Exclusive: Hunter-Spivey using London memories to fuel journey to Tokyo 2020
There was a moment shortly before the London 2012 athletes’ parade where Jack Hunter-Spivey was lying on the floor of the tube wondering if he was going to make it to the start on time.
Hours later he had witnessed an historic celebration of ParalympicsGB and TeamGB success that was to inspire him on the road to Rio 2016 qualification and now be challenging for major honours.
The then aspiring table-tennis Paralympian – who uses a wheelchair – had gotten off the tube only to be faced with two flights of stairs and no way to ascend.
As the tube attendants helped him back onto the train to head to the next stop the doors began to close, his wheels spun around and he tumbled to the ground.
Luckily for Hunter-Spivey it was a minor setback and he arrived in time to witness the momentous London 2012 parade.
“London was disappointing in many ways because I didn’t qualify and that had been the dream for me but I was on the Paralympic Inspiration Programme and that meant I got to go to the village, watch the table tennis, and be a part of the parade,” said Hunter-Spivey.
“That meant there was a real fire in my belly in those four years building up to Rio because I didn’t want to be the guy in the crowd I wanted to be the person at the table.

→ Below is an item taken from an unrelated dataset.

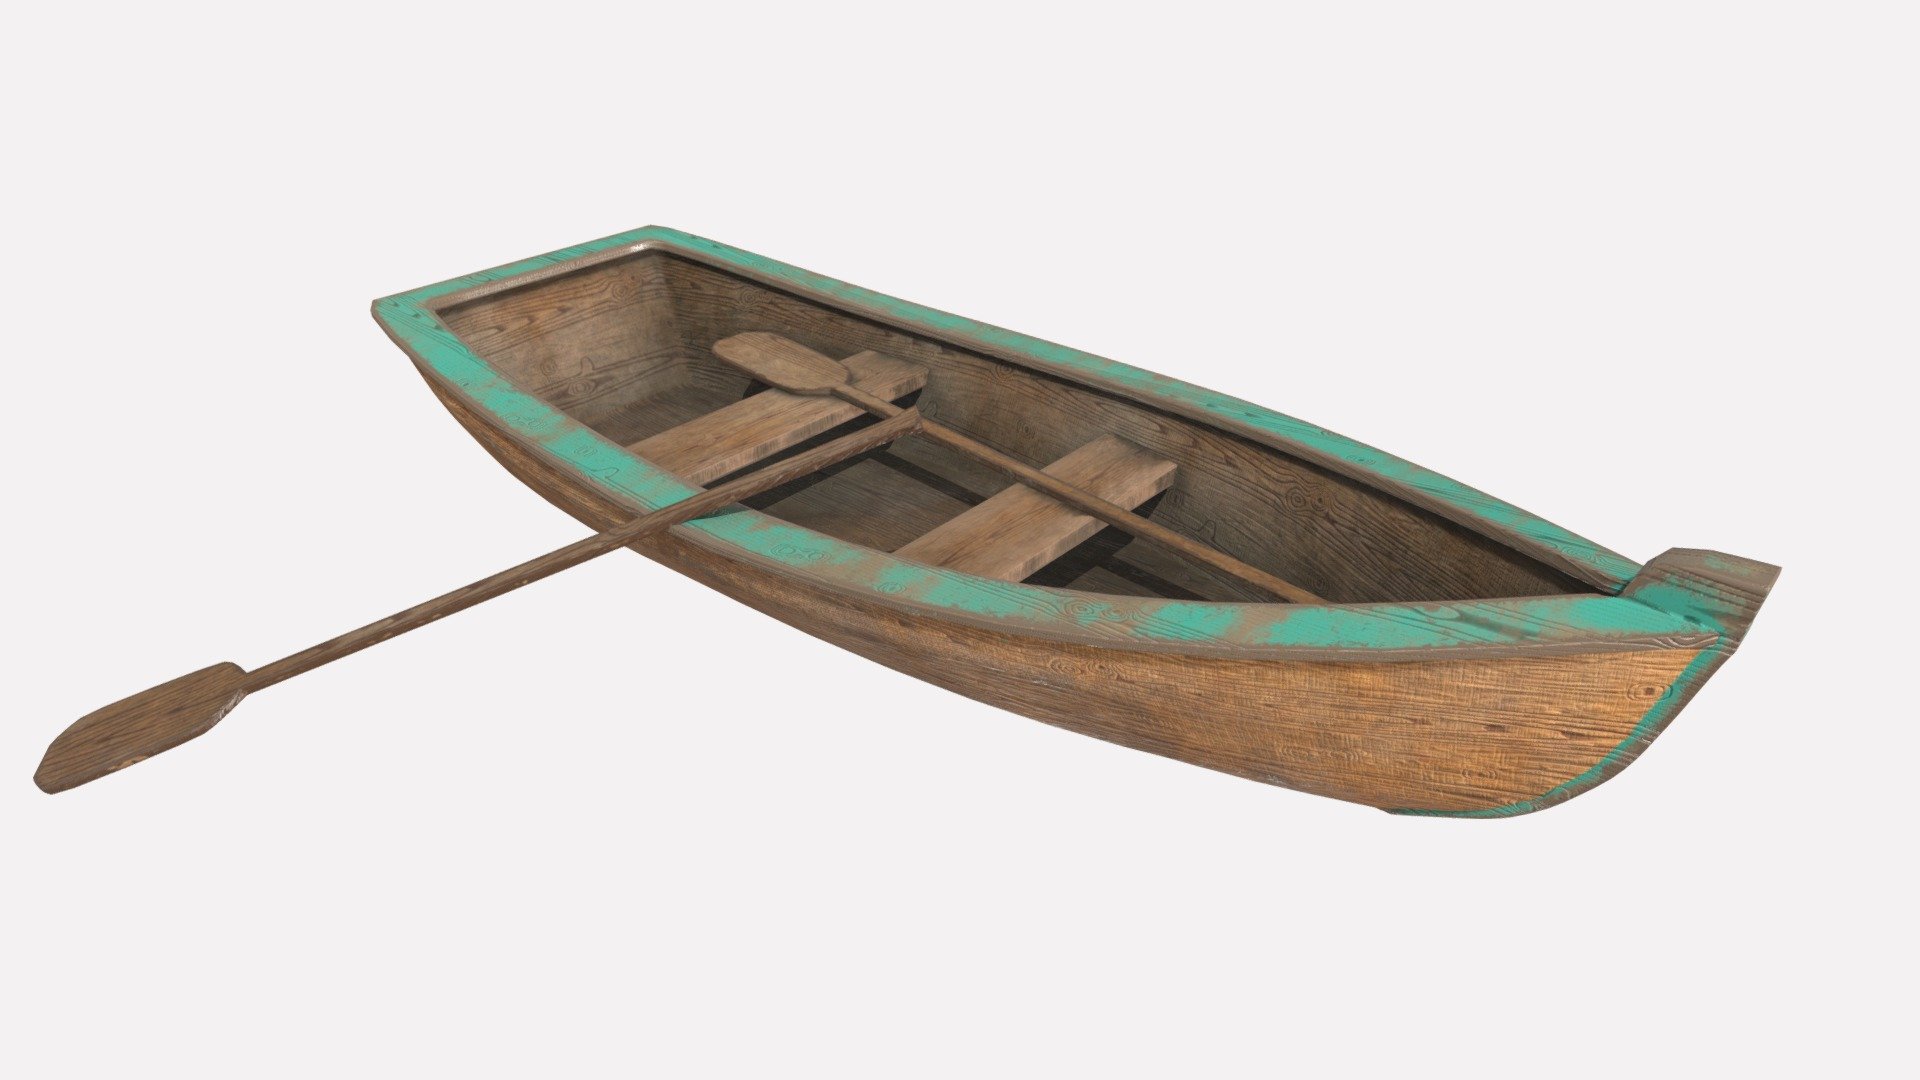 A low-poly row boat that I created for my class in environment design 3d model

“Looking back, I almost didn’t make it because I got stuck on the underground. But I managed to get to the parade on time and my overriding memory was just being with the athletes, we weren’t separated or anything like that. So that gave me a sense of what it would be like to play in the Paralympics and for me that image just looking out is one I’ll never forget.”
The 22-year-old fulfilled his dream of becoming a Paralympian at last year’s Rio 2016 Paralympic Games – a journey that had been a decade in the making and not without its difficulties.

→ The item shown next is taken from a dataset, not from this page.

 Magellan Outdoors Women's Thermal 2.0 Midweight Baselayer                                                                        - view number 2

“When I started the lessons were £2.50 but we literally didn’t have the money to go so we contacted Bernados and they had some funding that could support me through the first sessions,” he added.
“I went along and there was a guy in a wheelchair called Tony Edge. Back then I could stand a little bit and I was too stubborn to use my wheelchair because I wanted to be like the other kids.
“And then this guy who’s a Class 1 beat me 22-0 and I had no chance against him and he helped me adjust to my disability and adjust to the sport.
“To go on from there and qualify for Rio is just amazing to think about and when I’d made it I have this vivid memory of being in my hotel room and ringing my Mum and saying, ‘Mum I’ve made it.’
While Hunter-Spivey’s dream was to make it to a Paralympic Games he admits his goals have shifted and he is looking to make a splash at this week’s European Championships as he casts one eye to Tokyo 2020 and a place on the Paralympic podium.
“I know I can beat the best in the world at the moment and I know I can medal in major competitions and at the Paralympic Games.
“I’ve only played one tournament since Rio but I feel really good ahead of the Euros. I’ve lost nearly four stone since Rio and am playing the best table tennis of my life.
“I’ve beaten three of the top four players that will be there and lost to the other 3-2 so I think I’m one of the players no one will want to meet and it could be my time.”